Economia

È la Russia il nuovo padrone del grano

Ucraina superata, Mosca prima per export mondiale

di Alessio Gallicola -


Come l’energia, più dell’energia. Anche per il grano la Russia si avvia a confermarsi il vero “padrone del mercato”. Il risultato dei primi tre mesi di conflitto è una produzione crescente (+2,6%), che ne fa il principale esportatore mondiale, con un totale di 84,7 milioni di tonnellate, delle quali circa la metà destinate alle esportazioni (39 milioni di tonnellate).

Come era prevedibile, il blocco dei porti ucraini si rivela un vantaggio tangibile per Mosca.  La regione di Kherson ha iniziato ad esportare il grano dell’ultimo raccolto russo, ha detto alla Tass Kirill Stremousov, vice capo dell’amministrazione militare-civile della regione ucraina attualmente amministrata dalla Russia. “Qui c’è molto grano e spazio per nuovi raccolti”.

Rapporto di forze ribaltato nei confronti dell’Ucraina, costretta a registrare una notevole contrazione della produzione. I nuovi raccolti in arrivo tra poche settimane porteranno un quantitativo di grano stimato di 19,4 milioni di tonnellate, circa il 40% in meno rispetto ai 33 milioni previsti per questa stagione. Volumi che non saranno in grado di bilanciare lo svuotamento dei magazzini, dove si stima la presenza di oltre 20 milioni di tonnellate di cereali tra grano, orzo e mais destinati alle esportazioni sia in Paesi ricchi che in quelli più poveri, dove il blocco rischia di provocare rivolte e carestie. Paesi come Egitto, Turchia, Bangladesh e Iran, che acquistano più del 60% del proprio grano da Russia e Ucraina ma – precisa la Coldiretti – anche Libano, Tunisia, Yemen, Libia e Pakistan sono fortemente dipendenti dalle forniture dei due Paesi.

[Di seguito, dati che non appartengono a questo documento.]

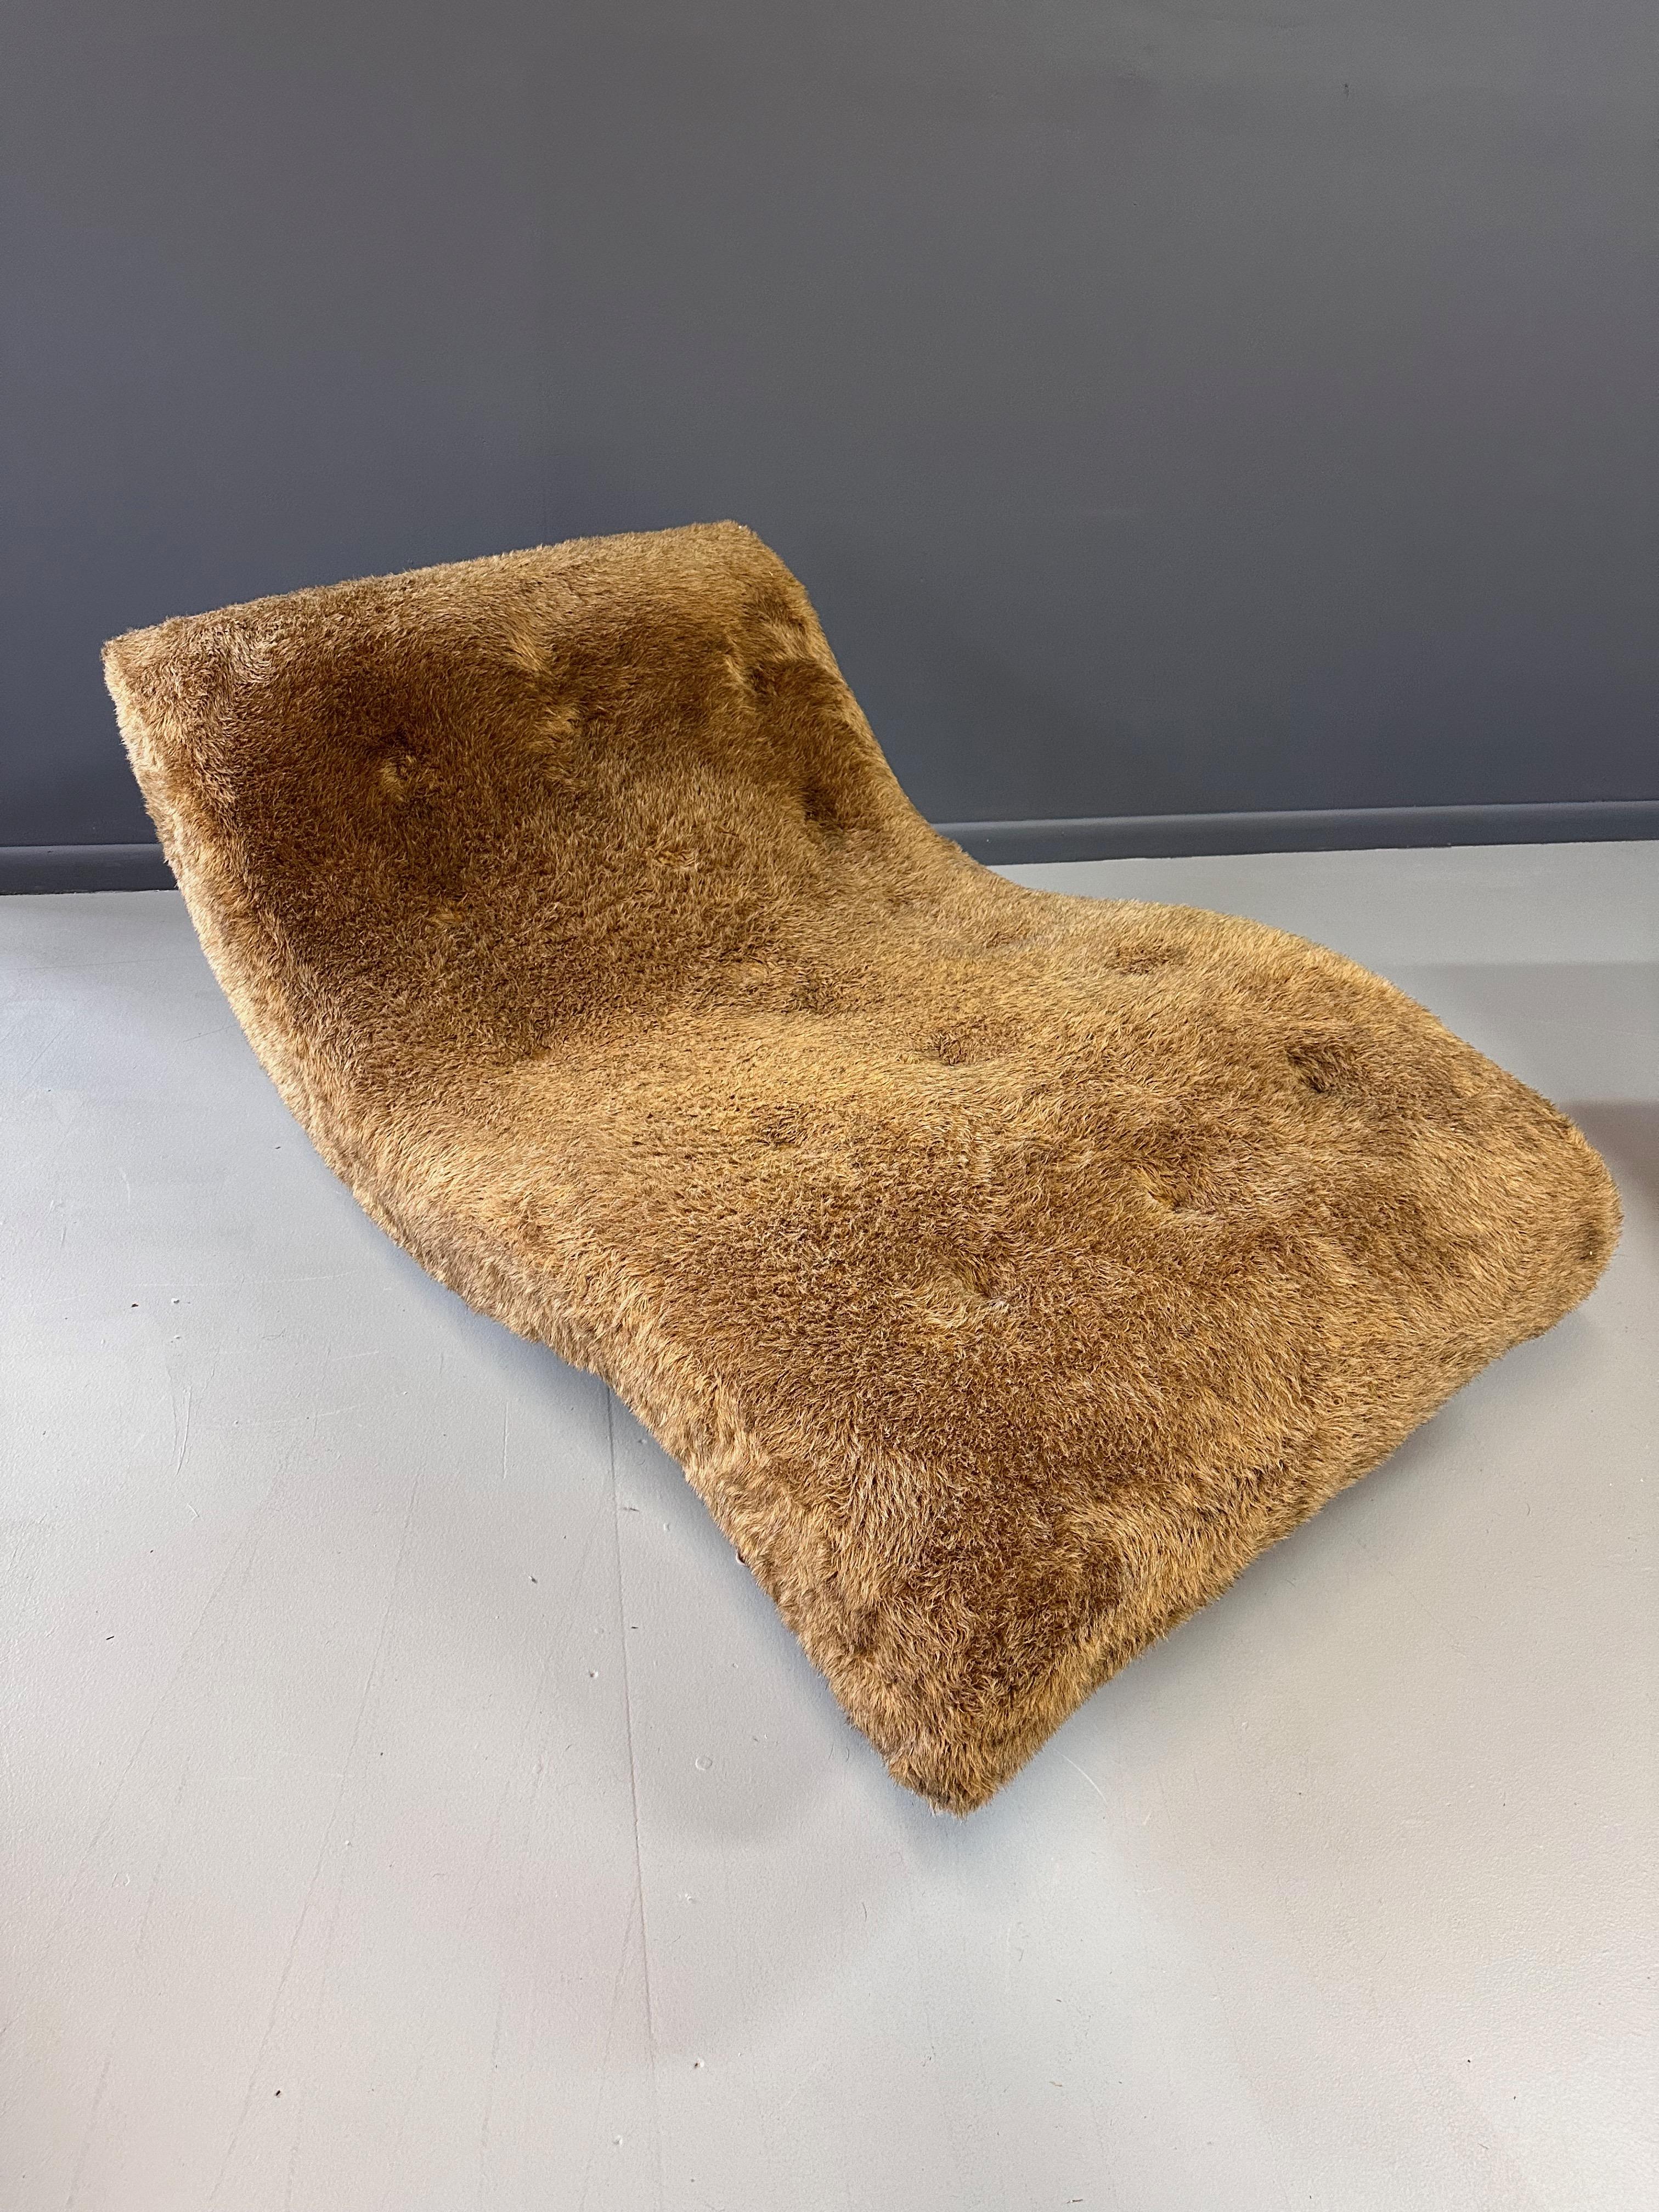 Mid-Century Modern Adrian Pearsall Style 1970s Wave Lounge Chair in a Fun Faux Fur Mid Century For Sale

Una situazione che riguarda direttamente anche l’Unione Europea nel suo insieme, dove il livello di autosufficienza della produzione comunitaria varia dall’82% per il grano duro destinato alla pasta al 93% per il mais destinato all’alimentazione animale fino al 142% per quello tenero destinato alla panificazione, secondo l’analisi della Coldiretti sull’ultimo outlook della Commissione Europea, che evidenzia l’importanza di investire sull’agricoltura per ridurre la dipendenza dall’estero e non sottostare ai ricatti alimentari.

Ma la crisi del grano parte da lontano, almeno per l’Italia. Il blocco delle forniture causato dal conflitto russo-ucraino sta facendo venire al pettine i nodi irrisolti di una politica agricola che, nel nostro Paese, negli ultimi decenni sembra aver giocato al ribasso, senza guardare lontano o almeno alle più evidenti potenzialità della nostra produzione. Ora Ettore Prandini, presidente di Coldiretti, chiede immediati interventi per combattere il caro energia e assicurare il mantenimento di aziende e stalle ma racconta anche un fatto finora trascurato: “L’Italia è costretta ad importare materie prime agricole a causa dei bassi compensi riconosciuti agli agricoltori, che hanno dovuto ridurre di quasi un terzo la produzione nazionale di mais negli ultimi 10 anni, durante i quali è scomparso anche un campo di grano su cinque, con la perdita di quasi mezzo milione di ettari coltivati”.